PROVIDED MATERIAL -
"""

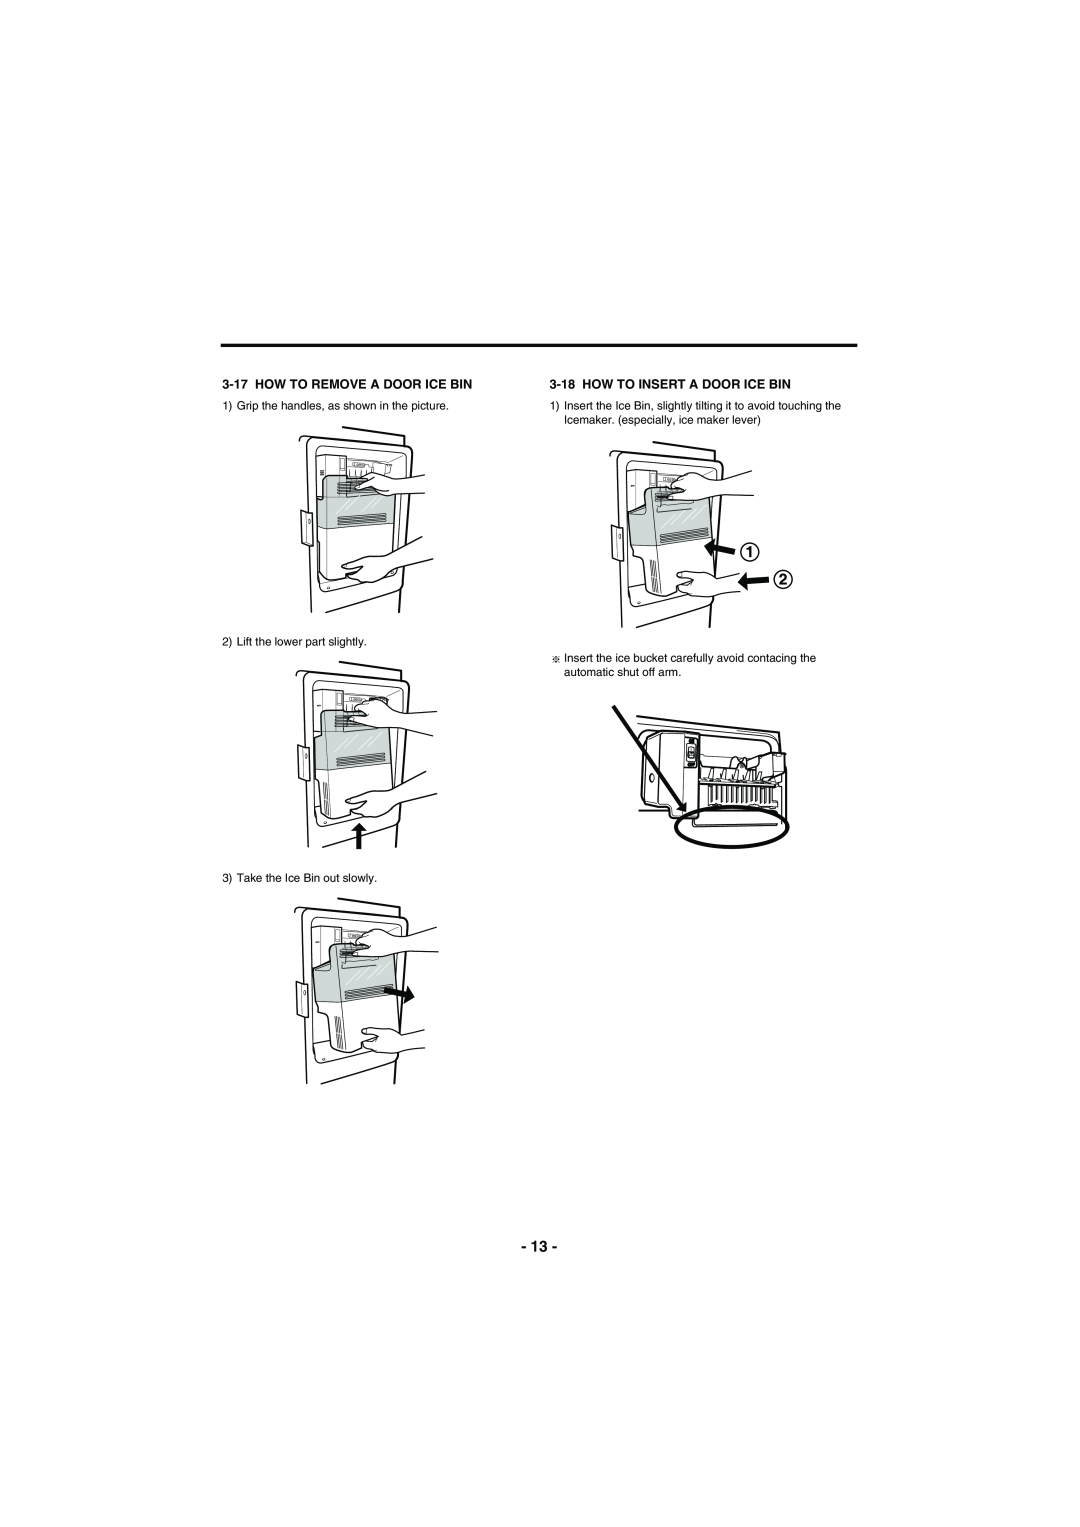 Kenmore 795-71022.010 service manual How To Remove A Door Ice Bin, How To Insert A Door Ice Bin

"""
"""

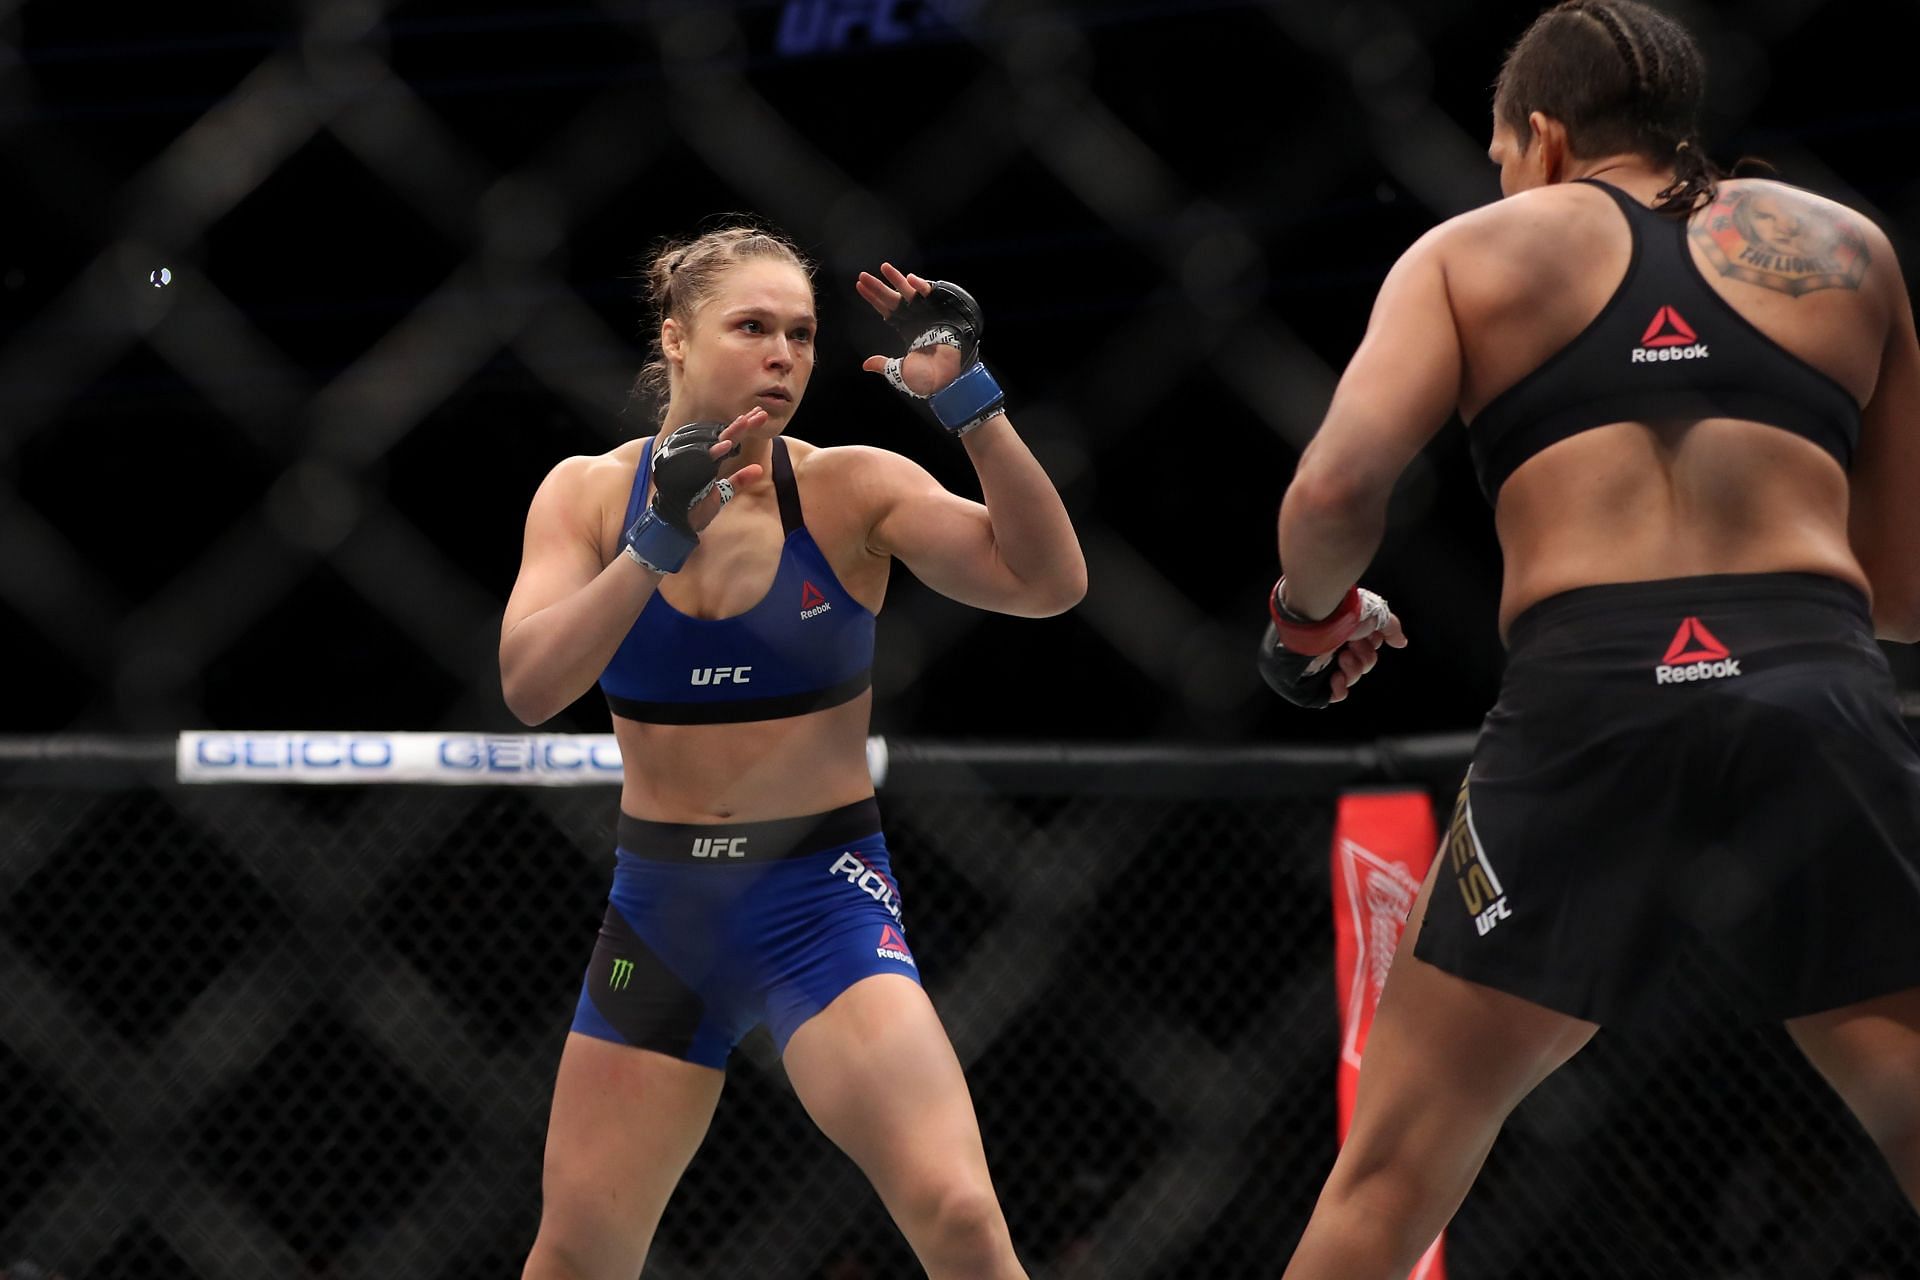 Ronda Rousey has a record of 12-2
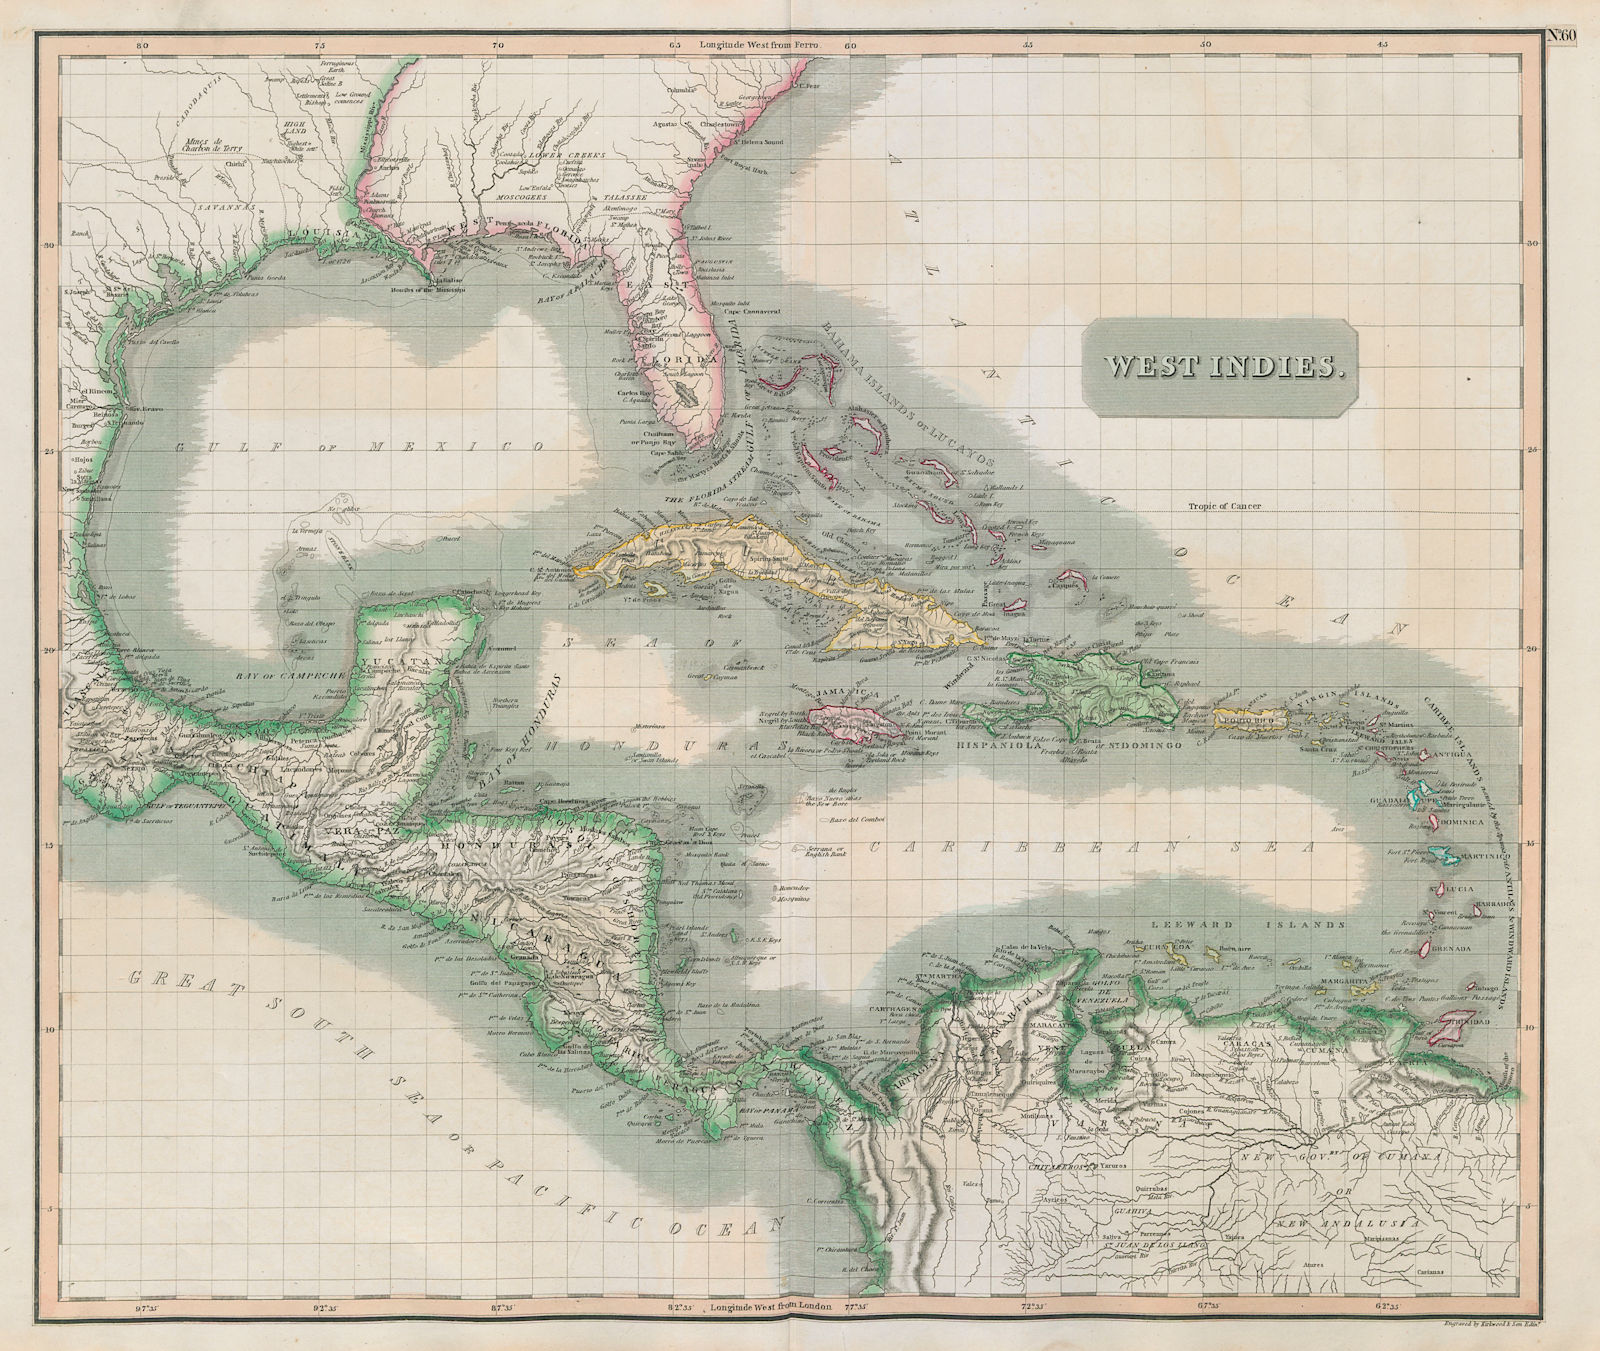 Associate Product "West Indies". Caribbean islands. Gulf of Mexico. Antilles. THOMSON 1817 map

"""
"""

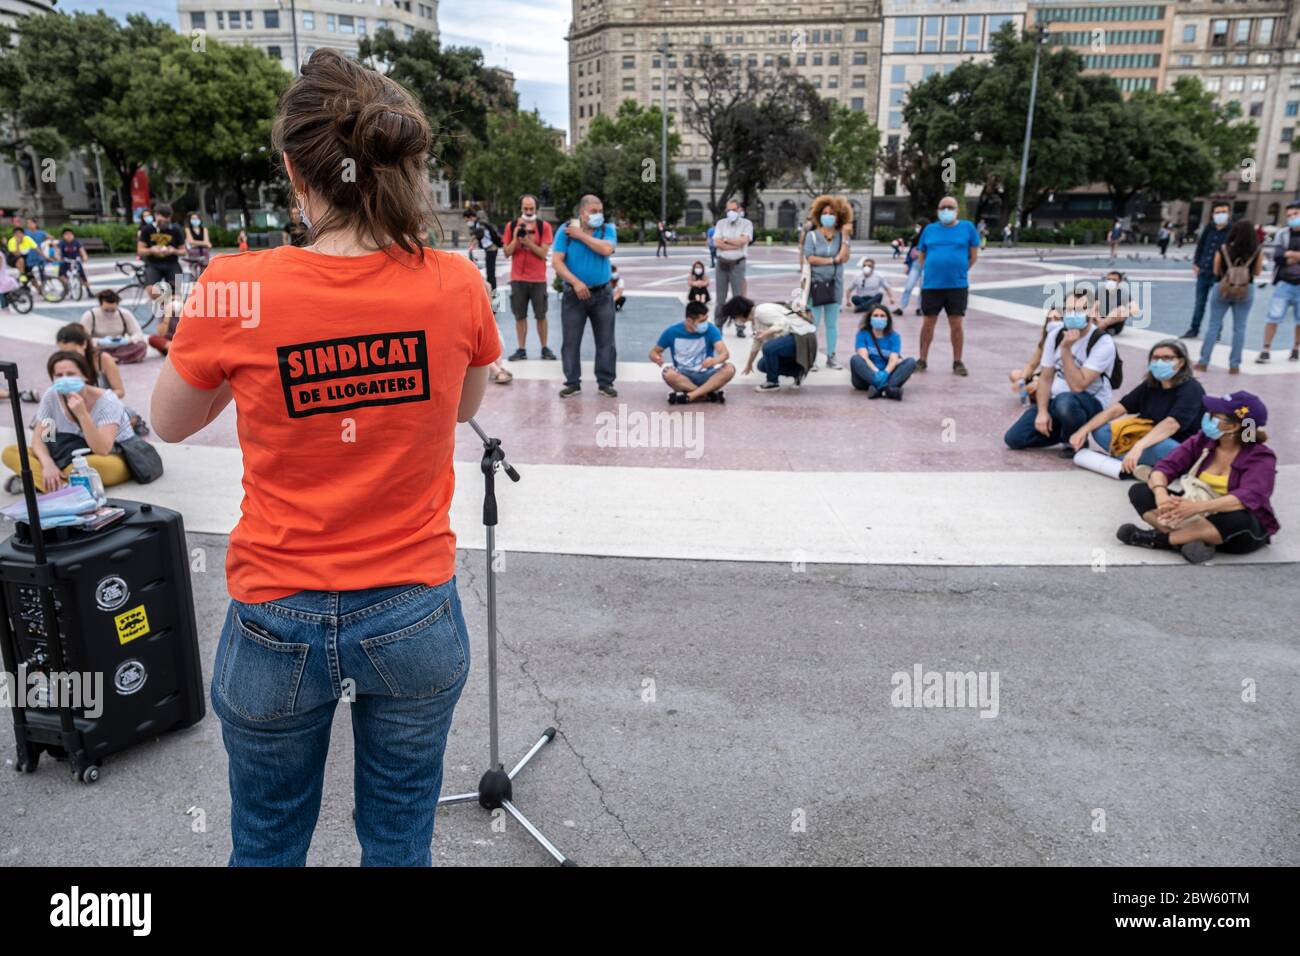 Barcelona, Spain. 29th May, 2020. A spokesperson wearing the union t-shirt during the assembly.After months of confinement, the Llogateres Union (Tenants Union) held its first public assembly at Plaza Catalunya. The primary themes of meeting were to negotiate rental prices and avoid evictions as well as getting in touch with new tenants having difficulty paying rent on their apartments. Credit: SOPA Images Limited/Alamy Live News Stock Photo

"""

Return exactly the lines above, from the one with "Ronda Rousey has a record of 12-2" up to and including the one with "THOMSON 1817 map", and include no pictures.

WRITTEN ANSWER -
 Ronda Rousey has a record of 12-2
 Associate Product "West Indies". Caribbean islands. Gulf of Mexico. Antilles. THOMSON 1817 map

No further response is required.